Install the package “DriveML” to get the example data set.

library("DriveML")
library("SmartEDA")
## Load sample dataset from ISLR pacakge
data(heart)

more detailed attribute information is there in DriveML help page

3.1 Data Exploration

For data exploratory analysis used SmartEDA package

Overview of the data

Understanding the dimensions of the dataset, variable names, overall missing summary and data types of each variables

# Overview of the data - Type = 1
ExpData(data=heart,type=1)

# Structure of the data - Type = 2
ExpData(data=heart,type=2)

Overview of the data

Descriptions	Value
Sample size (nrow)	303
No. of variables (ncol)	14
No. of numeric/interger variables	14
No. of factor variables	0
No. of text variables	0
No. of logical variables	0
No. of identifier variables	0
No. of date variables	0
No. of zero variance variables (uniform)	0
%. of variables having complete cases	100% (14)
%. of variables having >0% and <50% missing cases	0% (0)
%. of variables having >=50% and <90% missing cases	0% (0)
%. of variables having >=90% missing cases	0% (0)

Structure of the data

Index	Variable_Name	Variable_Type	Sample_n	No_of_distinct_values
1	age	integer	303	41
2	sex	integer	303	2
3	cp	integer	303	4
4	trestbps	integer	303	49
5	chol	integer	303	152
6	fbs	integer	303	2
7	restecg	integer	303	3
8	thalach	integer	303	91
9	exang	integer	303	2
10	oldpeak	numeric	303	40
11	slope	integer	303	3
12	ca	integer	303	5
13	thal	integer	303	4
14	target_var	integer	303	2

Summary of numerical variables

ExpNumStat(heart,by="GA",gp="target_var",Qnt=seq(0,1,0.1),MesofShape=2,Outlier=TRUE,round=2)

Distributions of Numerical variables

Box plots for all numerical variables vs categorical dependent variable - Bivariate comparison only with classes

Boxplot for all the numerical attributes by each class of the target variable

plot4 <- ExpNumViz(heart,target="target_var",type=1,nlim=3,fname=NULL,Page=c(2,2),sample=8)
plot4[[1]]

Summary of categorical variables

Cross tabulation with target_var variable

Custom tables between all categorical independent variables and the target variable

ExpCTable(Carseats,Target="Urban",margin=1,clim=10,nlim=3,round=2,bin=NULL,per=F)

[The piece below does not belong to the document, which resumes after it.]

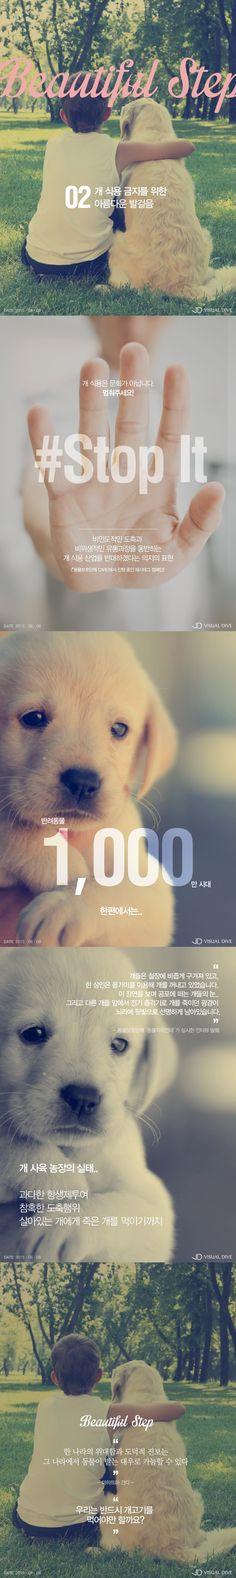 [Beautiful Step] 우리는 반드시 개고기를 먹어야만 할까요? [카드뉴스] #Dog_meat / #Infographic ⓒ 비주얼다이브 무단 복사·전재·재배포 금지
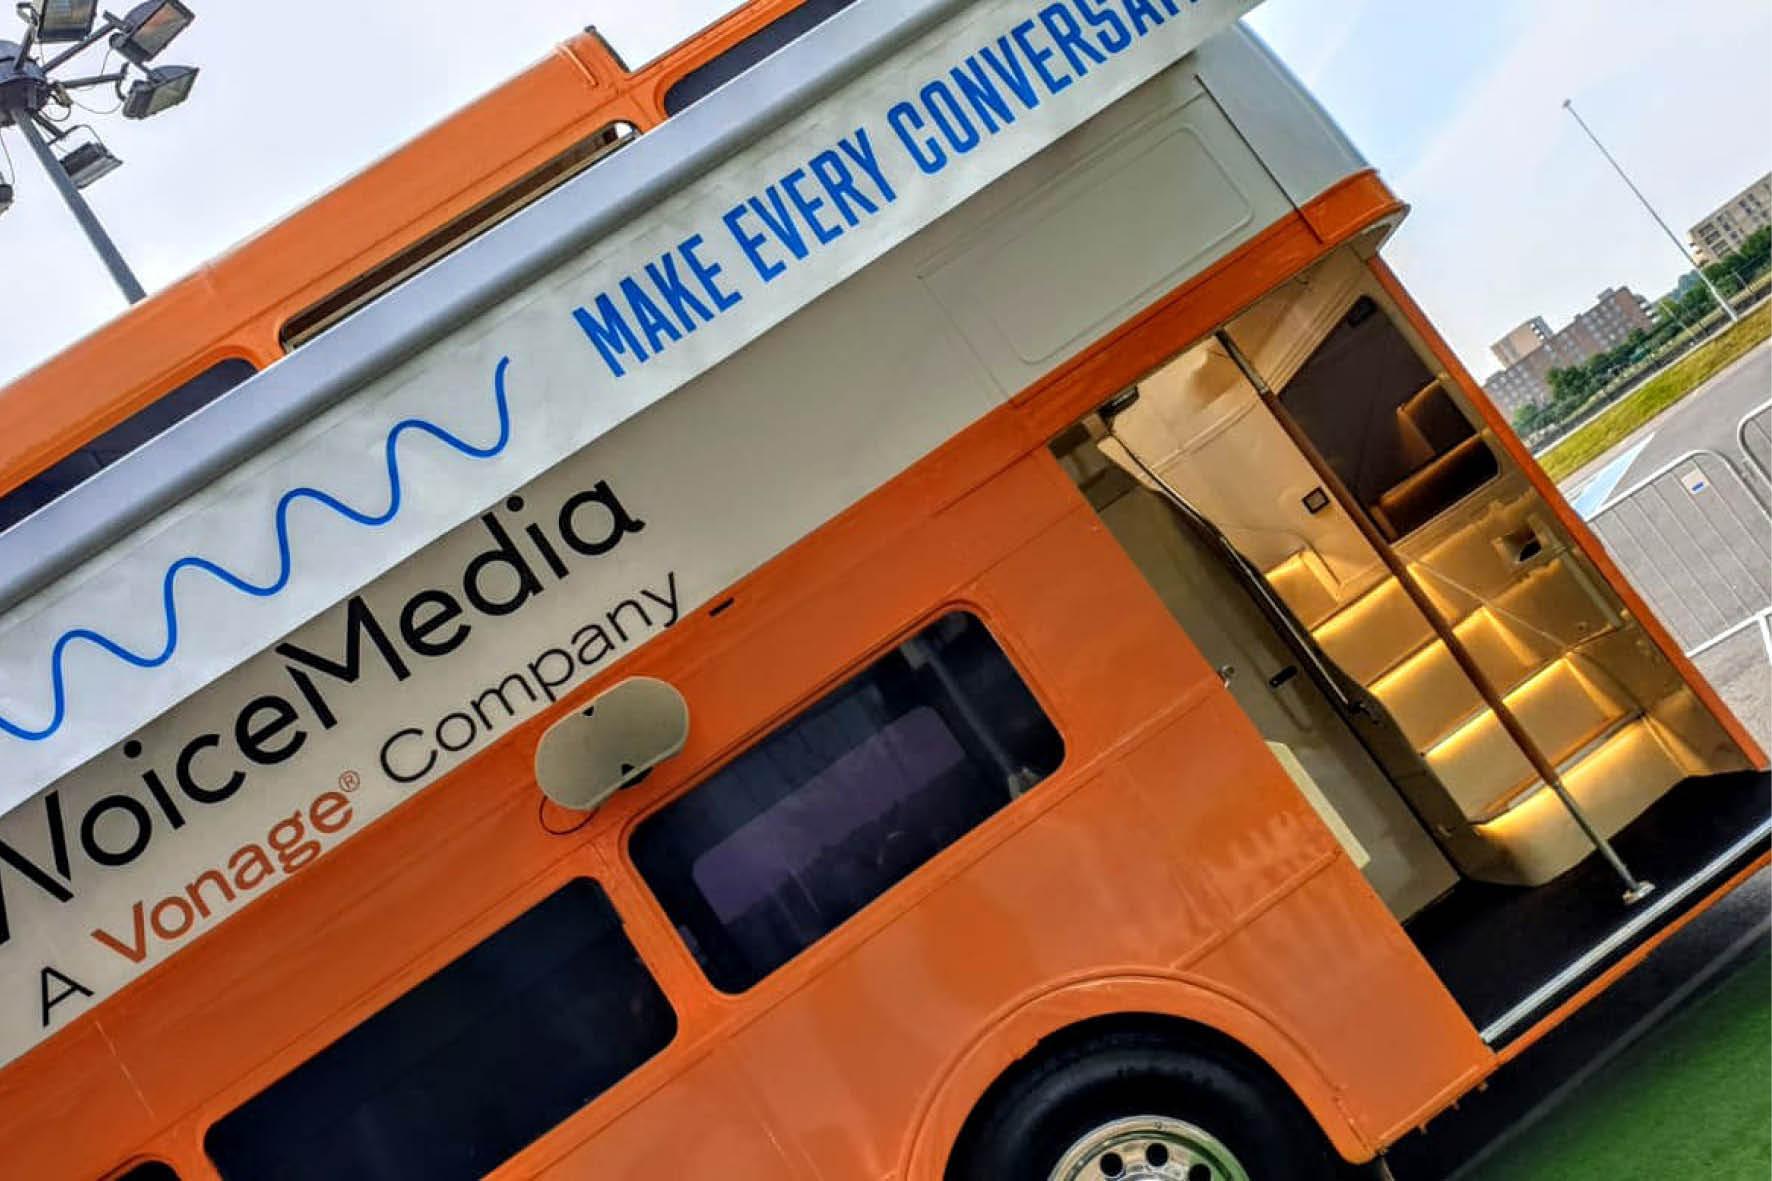 bus_business_2019_new_voice_media2.jpg

VARIABLE	CATEGORY	target_var:0	target_var:1	TOTAL
sex	0	24	72	96
sex	1	114	93	207
sex	TOTAL	138	165	303
fbs	0	116	142	258
fbs	1	22	23	45
fbs	TOTAL	138	165	303
restecg	0	79	68	147
restecg	1	56	96	152
restecg	2	3	1	4
restecg	TOTAL	138	165	303
exang	0	62	142	204
exang	1	76	23	99
exang	TOTAL	138	165	303
slope	0	12	9	21
slope	1	91	49	140
slope	2	35	107	142
slope	TOTAL	138	165	303
target_var	0	138	0	138
target_var	1	0	165	165
target_var	TOTAL	138	165	303

Distributions of categorical variables

Stacked bar plot with vertical or horizontal bars for all categorical variables

plot5 <- ExpCatViz(heart,target = "target_var", fname = NULL, clim=5,col=c("slateblue4","slateblue1"),margin=2,Page = c(2,1),sample=2)
plot5[[1]]

Outlier analysis using boxplot

ExpOutliers(heart, varlist = c("oldpeak","trestbps","chol"), method = "boxplot",  treatment = "mean", capping = c(0.1, 0.9))

Category	oldpeak	trestbps	chol
Lower cap : 0.1	0	110	188
Upper cap : 0.9	2.8	152	308.8
Lower bound	-2.4	90	115.75
Upper bound	4	170	369.75
Num of outliers	5	9	5
Lower outlier case
Upper outlier case	102,205,222,251,292	9,102,111,204,224,242,249,261,267	29,86,97,221,247
Mean before	1.04	131.62	246.26
Mean after	0.97	130.1	243.04
Median before	0.8	130	240
Median after	0.65	130	240

3.2 Data preparations using `autoDataprep`

Data preparation using DriveML autoDataprep function with default options

dateprep <- autoDataprep(data = heart, 
                         target = 'target_var',
                         missimpute = 'default',
                         auto_mar = FALSE,
                             mar_object = NULL,
                             dummyvar = TRUE,
                             char_var_limit = 15,
                             aucv = 0.002,
                             corr = 0.98,
                             outlier_flag = TRUE,
                             uid = NULL,
                             onlykeep = NULL,
                             drop = NULL)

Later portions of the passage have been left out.